As you undoubtedly know, keeping your money in a regular savings account in a Japanese bank is as fiscally productive as stuffing it in your futon – or keeping it in your tansu (wardrobe), as the locals like to say. In fact, with interest rates near zero, you'd actually make more money keeping your money in your futon if the inflation rate was bigger than the interest rate, but with deflation as it is right now that isn't going to happen.

Zero inflation has been a fact of Japanese banking life for longer than I care to remember, and one of the alternatives is foreign currency savings accounts. Back in 2004 we stashed a couple of million yen we received after cashing in our miserable insurance policy from then defunct Chiyoda Seimei (lost on that one) into a Citibank savings account in Australian dollars. At the time the interest rate was 4 percent and the exchange rate was ¥82.14 to one Australia dollar. The maturation period was one year, but each month you could extract whatever interest you made that month and turn it back into yen. The sticking point is that the exchange rate was fluctuating, so if the Australian dollar went up, you could make a little money, but if it was going down, you might want to wait until it bounced back.
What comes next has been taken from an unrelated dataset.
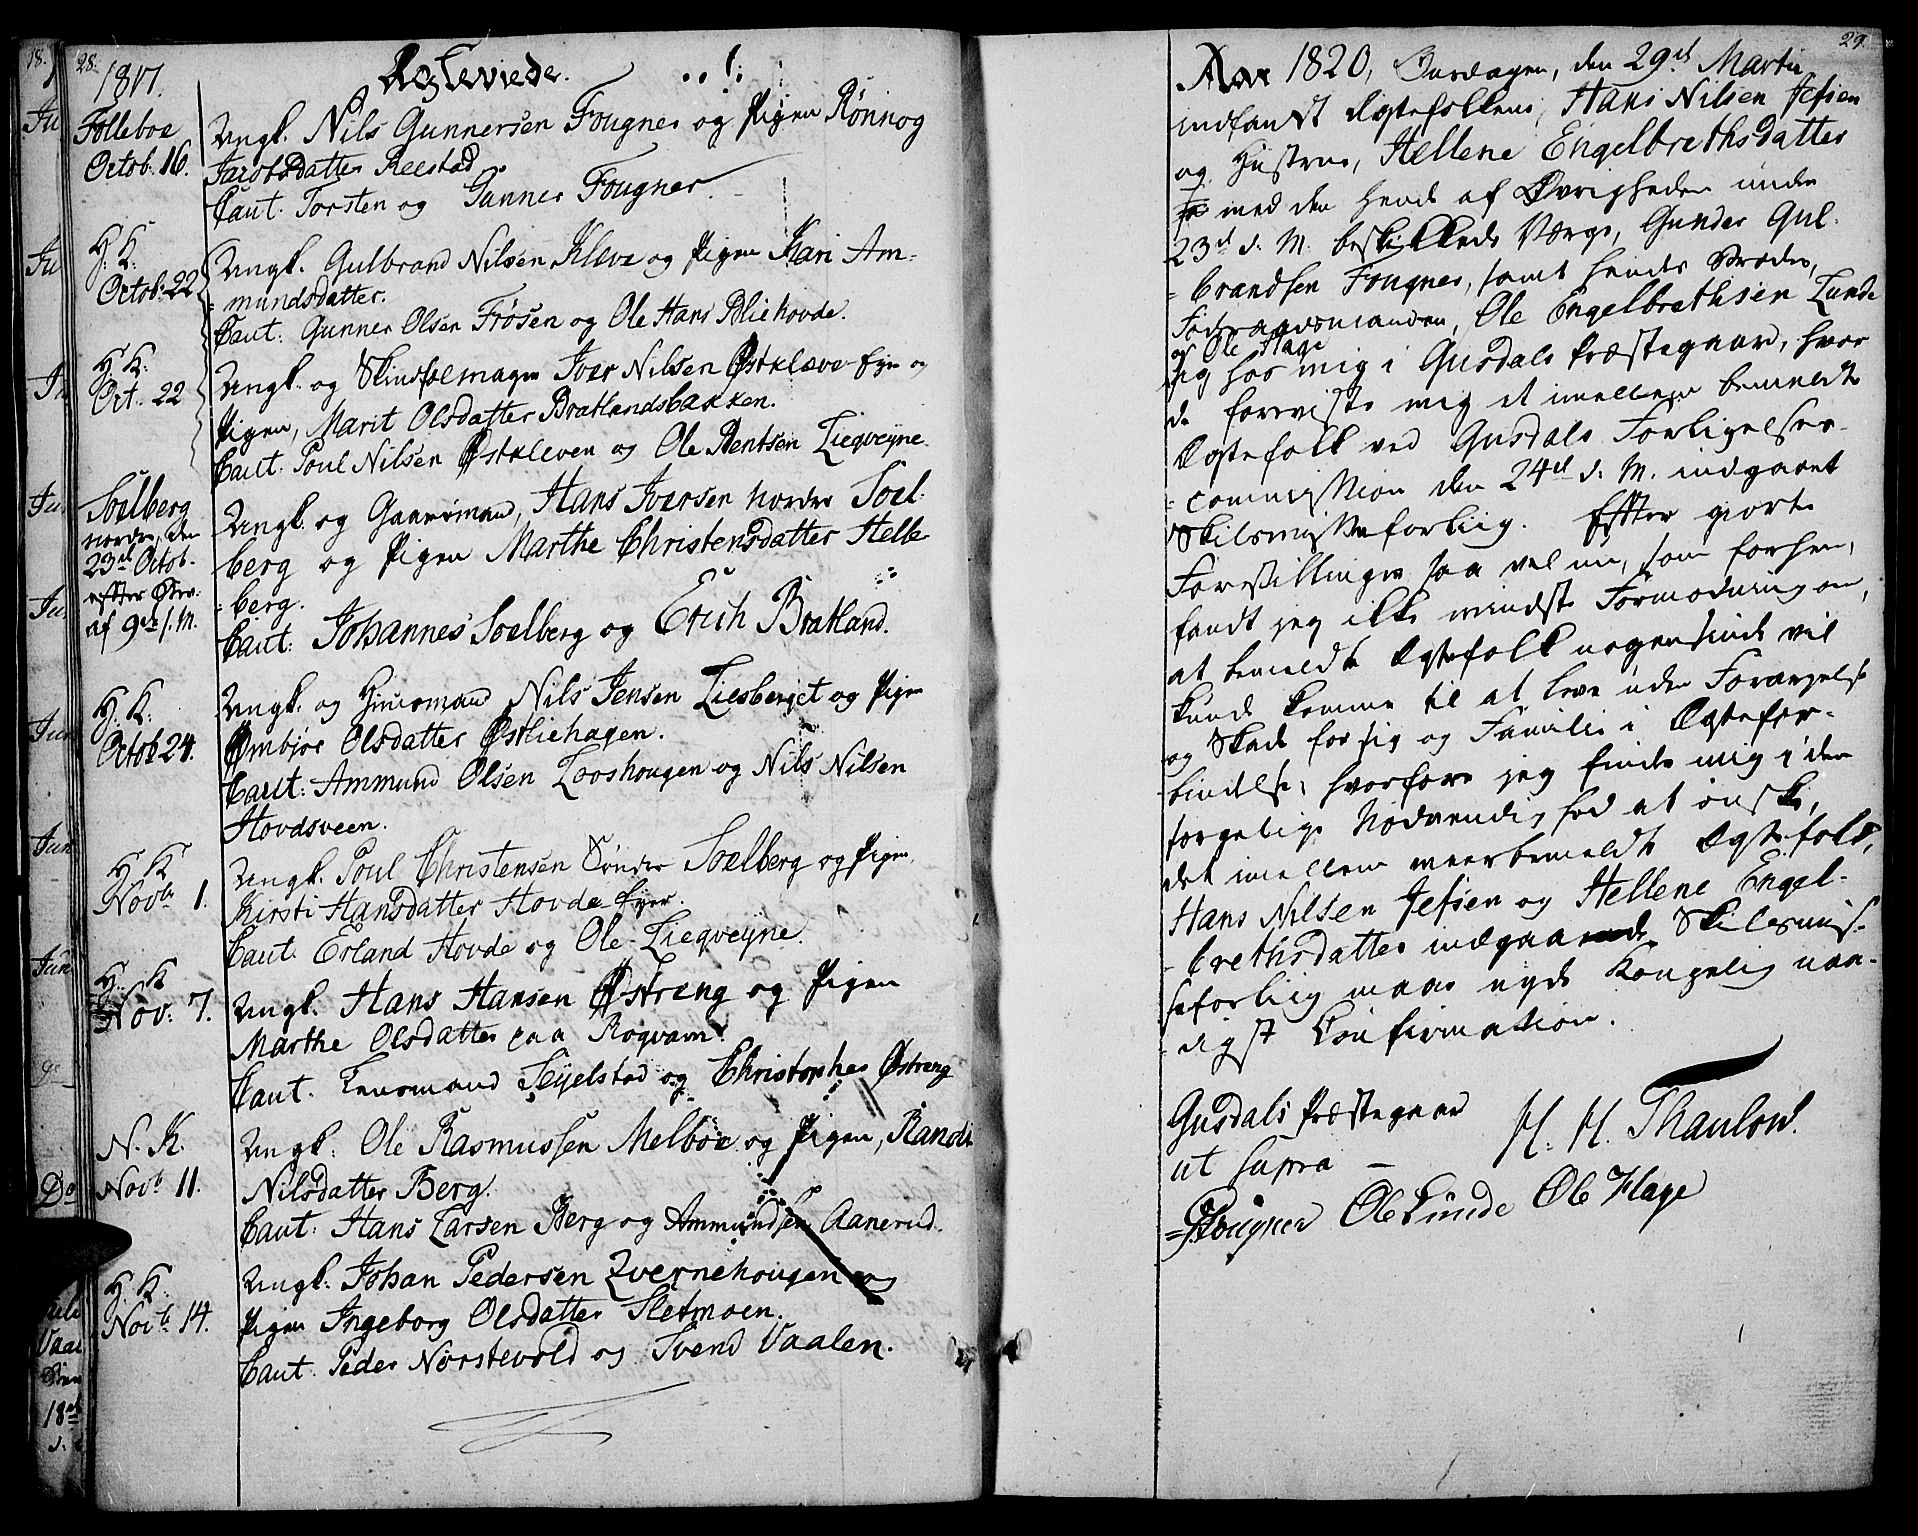 SAH, Gausdal prestekontor, Ministerialbok nr. 4, 1809-1817, s. 28-29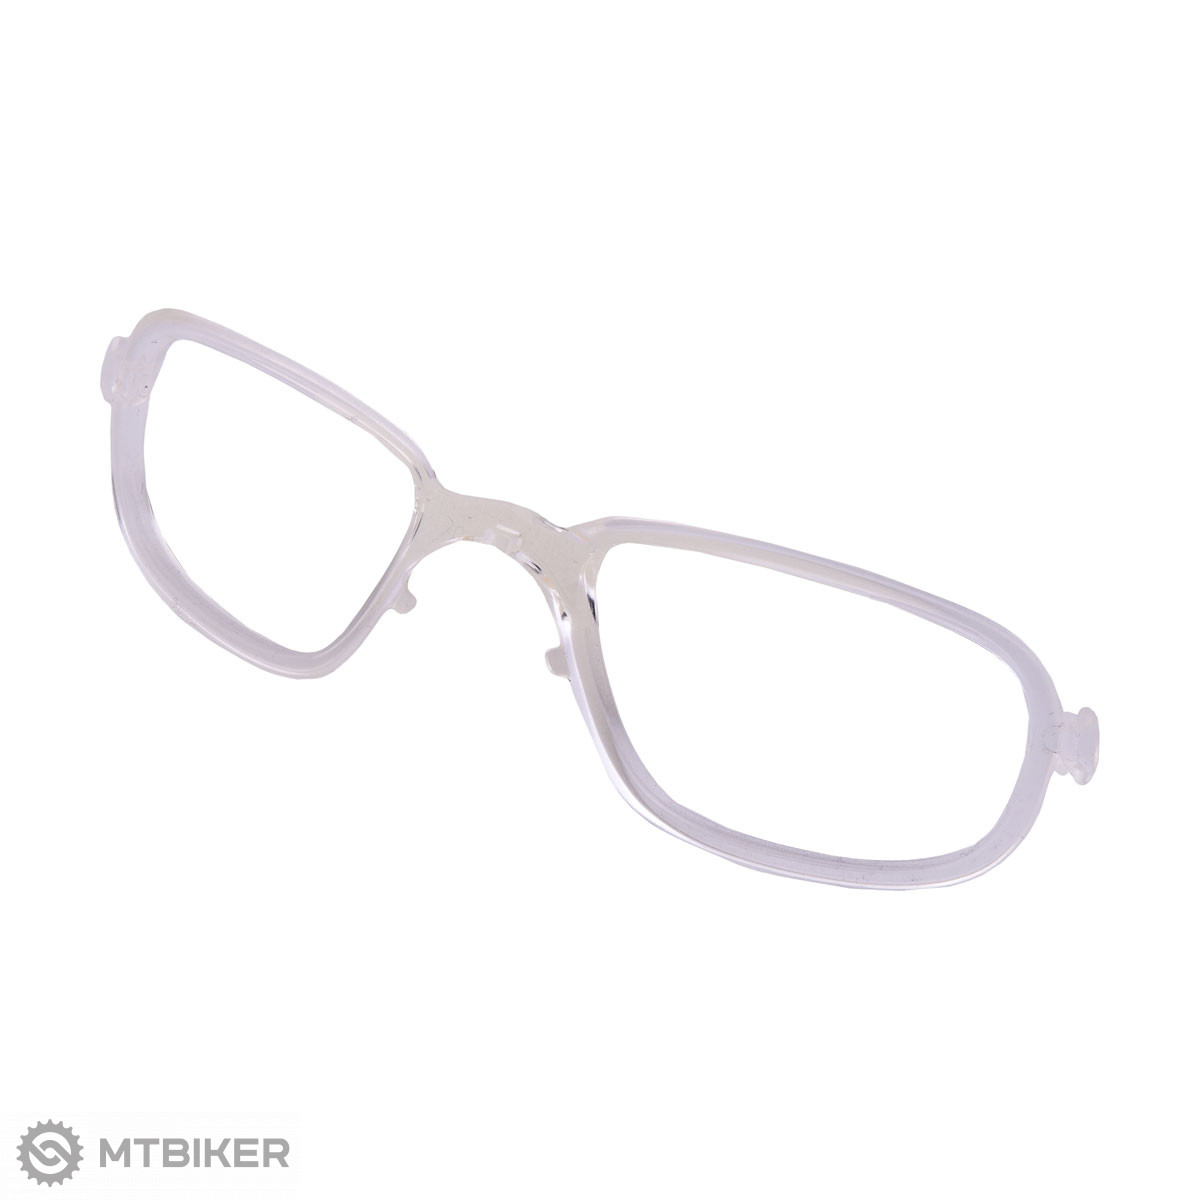 HQBC okuliare QX3 PLUS čierna Photochromic HQBC okuliare QX3 PLUS čierna  Photochromic 17d18b1a4df

Well, we waited . . . and waited and waited. During most of 2004, the Aussie dollar fluctuated between ¥74 and ¥79. By the time the account matured in February 2005 it was back to about 81. With the loss in the exchange rate and the accumulated interest all factored in, when we converted the money in the account back to yen, we ended up with just a little more than what we started with. One reason is that you don't really get ¥81, because Citibank takes one yen on each Australian dollar as a handling fee.